You mean stuff like: 1) "SpiceDB, the most mature open source project inspired by Zanzibar" (though I'd vouch for that one) 2) " it is necessary beyond a particular scale which is well beyond the point at which policy engines typically fall over." 3) "Zanzibar is novel because it is fundamentally designed to be ran at the edge" 4) "we recently managed to scale SpiceDB to >1M requests per second with 100B relationships while maintaining a 5ms p95 measured at the client application" - you should bundle that statement with you need to set it up within your own VPC for it to be fair. 5) "The claim that you absolutely need a service to run a Zanzibar system is a provably false claim based on the number of clusters in the wild running SpiceDB or Ory's Keto project" - how many clusters? :)

Re: "This article conveniently leaves out how other systems get data to the edge while still keeping it consistent for their authorization logic" The article actually does mention OPAL [0]

[0]: https://www.permit.io/blog/introduction-to-opal

[jzelinskie]

Your critique of my comment is quite fair; we're both guilty of making claims, but not including all the supporting evidence for brevity's sake. I think we can both agree that everyone working in this space is doing awesome work and bringing authorization the attention that it's sorely needed.

[orweis]

Agree 100%. <3 And as I told Joey many times - I'd love to collaborate more with you as well.

[bfeynman]

What do you mean separate authorization logic? There are many layers to auth and usually they act as interceptors in request that go very fast. If you have blanket permissions to list, you are able to list resources you have access to... that's trivial. However `Blog` resources might have explicit deny policies on them as well, so yes those are also evaluated. Not sure how else you'd expect it to work sans caching like current state of resources and access.

[ahoka]

Yes, you need to consider authorization at every layer. You can blanket deny a lot of things in a midlayer, but sooner or later you need to start interpreting business logic to do the rest.

[gemanor]

Data filtering implementation has different approaches among the mentioned policy engine. For OPA, custom Rego code could return the allowed data, and the caching mechanism will ensure its consistency and reliability. For Zanzibar, since the policy derived from the data relations, data filtering is using is an internal part of the paper. I recommend the following article for more information about policy as code and policy as data to understand the context better - https://www.permit.io/blog/zanzibar-vs-opa

[turtles3]

This, especially when you combine it with pagination, filtering and ordering requirements.

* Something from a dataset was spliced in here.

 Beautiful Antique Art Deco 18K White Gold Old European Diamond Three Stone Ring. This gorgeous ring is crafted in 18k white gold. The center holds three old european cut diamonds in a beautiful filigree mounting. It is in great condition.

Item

Zanzibar implementations (eg. Spicedb, keto etc) offer functionality for listing resources accessible to a given principal, but as far as I can see none have a coherent solution for filtering and ordering.

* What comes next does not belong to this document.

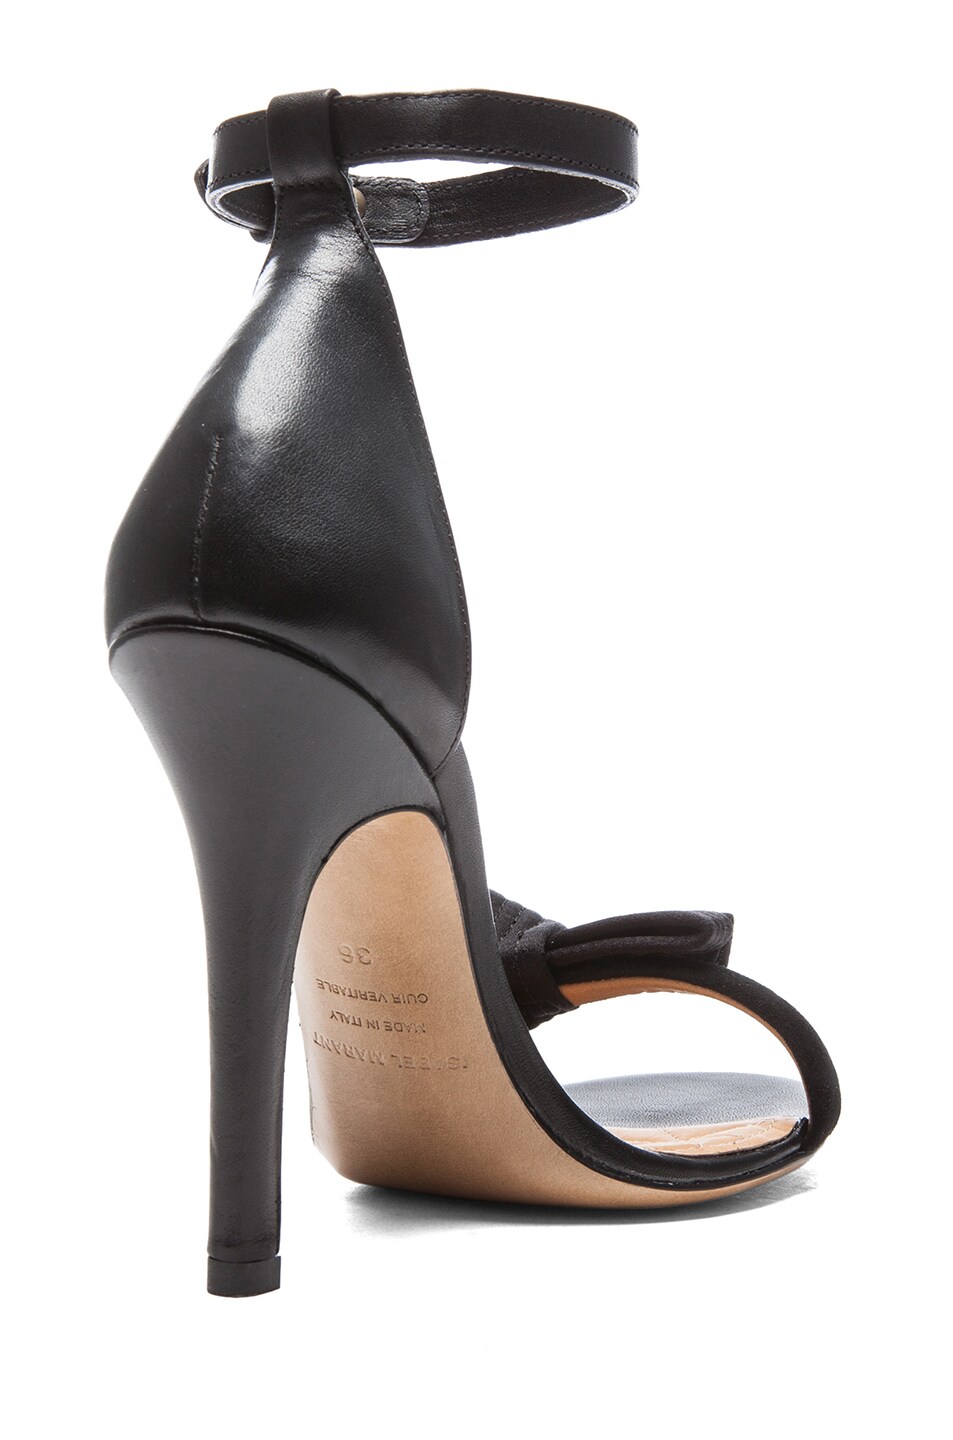 Isabel Marant Play Calfskin Leather Pumps in Black | FWRD

The only solution I can see to this is as you suggest maintaining a shadow copy of the relationships in your db so you can answer the question with a regular SQL query. This obviously comes with a lot of headaches, and is the sole factor preventing us from adopting one of these systems, so I really hope I'm wrong about this.

[random3]

From short scans of the papers, at least with Zanzibar, AFAIK you can define entities and relations (think groups of users and directories) and infer rights based on those. I'm assuming Zanzibar backs the actual Goolge 360 document sharing so presumably it would scale for that use-case.

[RandomBK]

The google paper refers to the existence of some 'permissions-aware index' (paraphrasing) that's used to answer range queries like this, but doesn't cover how this index would work.

I know various Zanzibar implementations have exposed APIs to solve this problem, but I still don't have a great intuitive understanding of how they work beyond 'push the ACL logic into the data layer', which brings us back to a pre-zanzibar world.